Julius (Jules) Raes (1884–1961), known in religion as Hildebrand and also under the pen name H. Cappaert, was a Belgian Capuchin historian and archivist.

==Life==
Raes was born in Hooglede on 3 June 1884, the youngest son of Frans Raes and Marie-Louise Vancoilliue. He attended the Capuchin-run Serafijns College in Bruges and on 28 September 1901 joined the Capuchin Order in Enghien, taking the religious name Hildebrand. He was ordained to the priesthood in Enghien on 13 October 1907 and was sent to study at the Catholic University of Leuven, where he graduated Bachelor of Theology in 1909. He taught Church History and Patristics at the Capuchin seminary in Izegem for two years before being sent to Rome, where he briefly worked at the Collegio Internazionale di San Lorenzo da Brindisi before returning to Belgium.

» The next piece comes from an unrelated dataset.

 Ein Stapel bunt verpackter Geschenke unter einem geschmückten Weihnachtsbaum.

In 1913, he appointed archivist to the order's Belgian province, and became founding editor of the journal Neerlandia Franciscana. The publication was suspended after the first issue due to the First World War, during which Hildebrand was auxiliary assistant pastor (1914–1915) and then acting pastor (1916–1918) in Rollegem-Kapelle, in 1917–1918 also acting as chaplain to Italian prisoners of war that the Germans put to work on the front in Belgium. He resumed his work as lecturer and editor after the war, and the second issue of Neerlandia Franciscana was published in 1919. In 1921, the title was changed to Franciscana, but in 1924, the order closed down the journal due to publication costs.

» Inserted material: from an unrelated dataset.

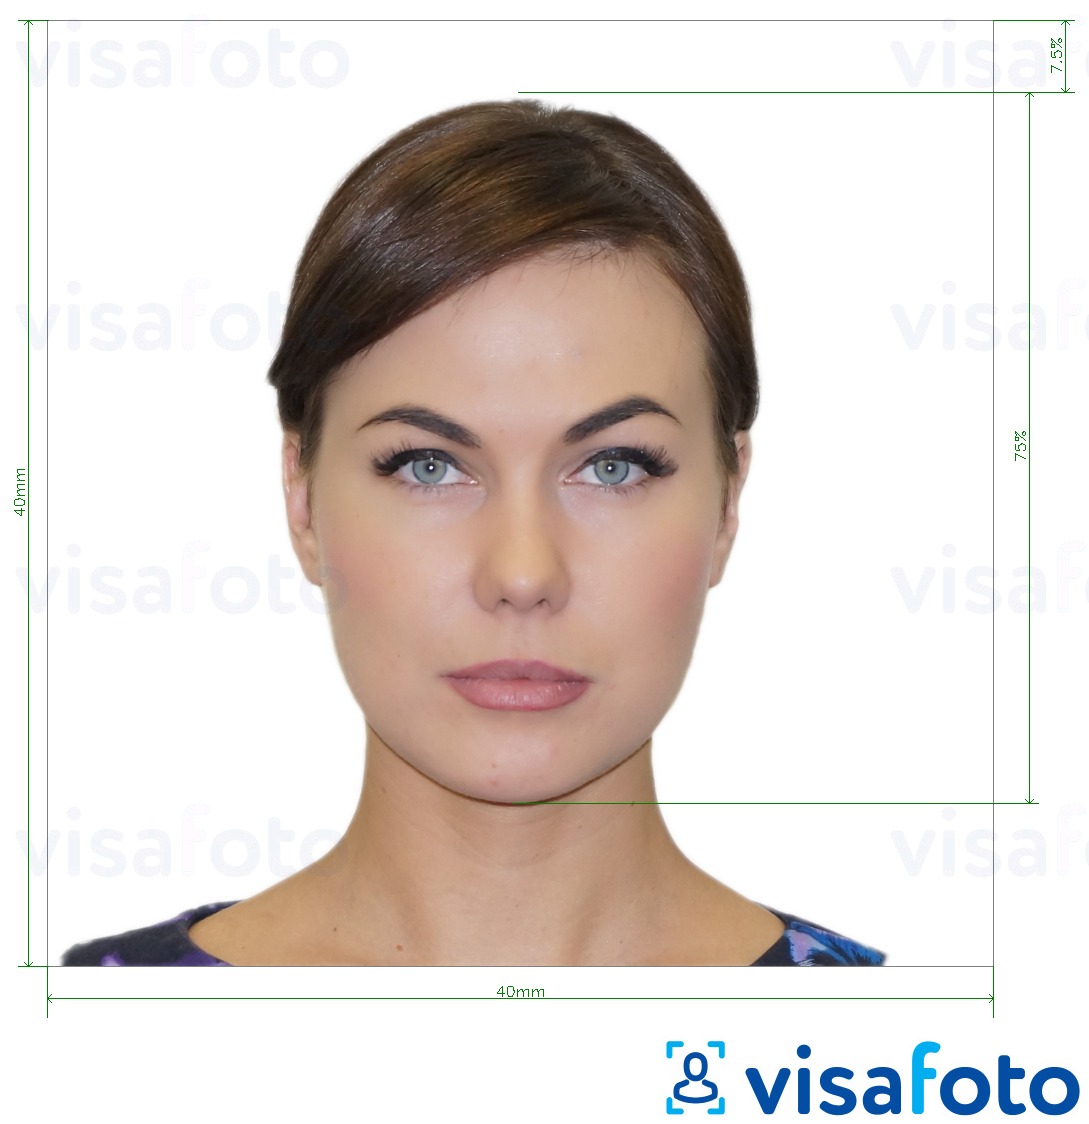 Exemples sur des photos pour Italie Passeport 40x40 mm (LA consulat) 4x4 cm avec les spécifications de taille exactes

In 1927, Hildebrand was invited to join the editorial board of Ons Geestelijk Erf. In 1929, the archive was moved to the Capuchin convent in Antwerp, and Hildebrand, as archivist, moved with it. He was released from other duties to dedicate his time to archival and historical work. After the Second World War, he published his ten-volume history of the Capuchin order in the Low Countries.

Hildebrand retired in 1958, after 45 years as archivist, and moved back to Izegem. He died suddenly in Izegem on 6 June 1961.

==Publications==
- De Capucijnen te Lier, 1623–1797 (Lier, 1932)
- P. Lucas van Mechelen (Turnhout, 1935)
- Le martyr Georges de Geel et les débuts de la mission du Congo, 1645-1652 (Antwerp, 1940)
- De Kapucijnen in de Nederlanden en het Prinsbisdom Luik (10 vols., 1945–1956)
- Het Vlaamsgezinde dagblad "De Belgische standaard" van de Kapucijn Ildefons Peeters, 1915-1919 (Antwerp, 1957)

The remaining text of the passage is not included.